An isosceles triangle has sides A, B, and C with sides B and C being equal in length. If side A goes from (1 ,4 ) to (5 ,8 ) and the triangle's area is 27 , what are the possible coordinates of the triangle's third corner?

1 Answer
May 29, 2018

(9.75, -0.75) or (-3.75, 12.75)

Explanation:

First picture side A, common to two possible isosceles triangles, from (1,4) to (5,8). By Pythagoras we see that this side has length 4sqrt(2).

Now draw the line perpendicular to side A which also bisects side A, up until it reaches where sides B and C of the isosceles triangle meet; this new line is the height of the triangle.

Now you will realise that the area of the triangle, 27, is equal to 1/2bh = 1/2*4sqrt(2)*h. Solving for h, we see that h = (27sqrt(2))/4.

The final thing to note is that since this line is perpendicular to side A, which has a gradient of 1, this line has a gradient of -1. Hence, the horizontal and vertical components of the triangle connecting the midpoint of A and the other point of the isosceles triangle are equal in magnitude. Hence we can set up the equation sqrt(2x^2)=(27sqrt(2))/4, which when solved gives x=+-27/4.
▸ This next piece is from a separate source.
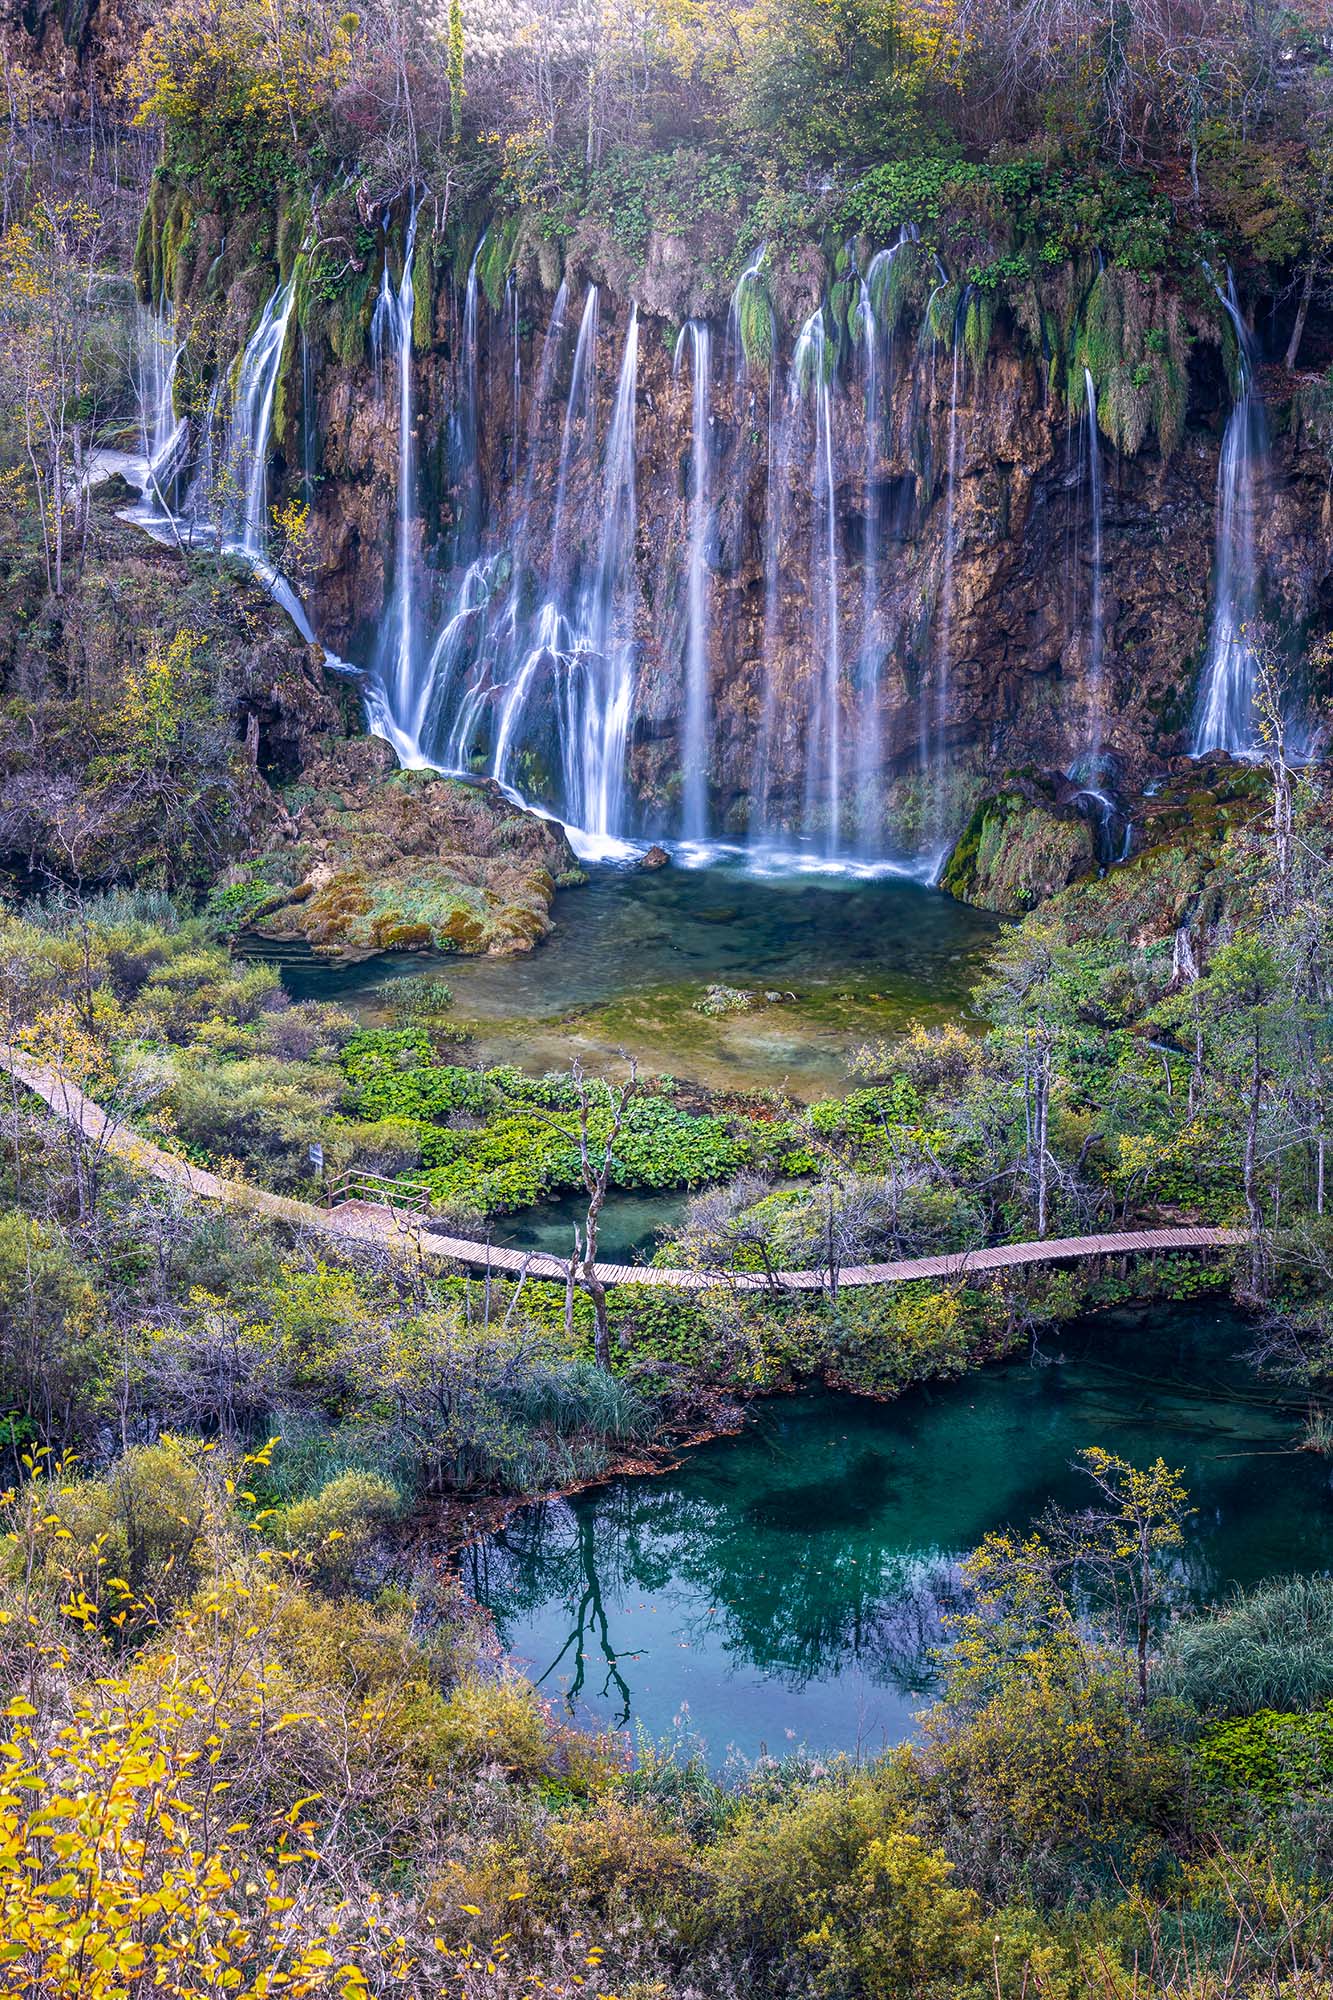 "Autumnal Cascades" presents a vertical snapshot captured during the vibrant fall season in Plitvice National Park, Croatia....

Now all that is left is to add this value of x to the midpoint (3,6) of side A, taking care with the signs, to obtain the possible coordinates of the final point.

The point of the possible triangle to the bottom right of the midpoint is (3+27/4,6-27/4) = (9.75, -0.75) and the point to the top left of the midpoint is (3-27/4, 6+27/4) = (-3.75, 12.75), both as required.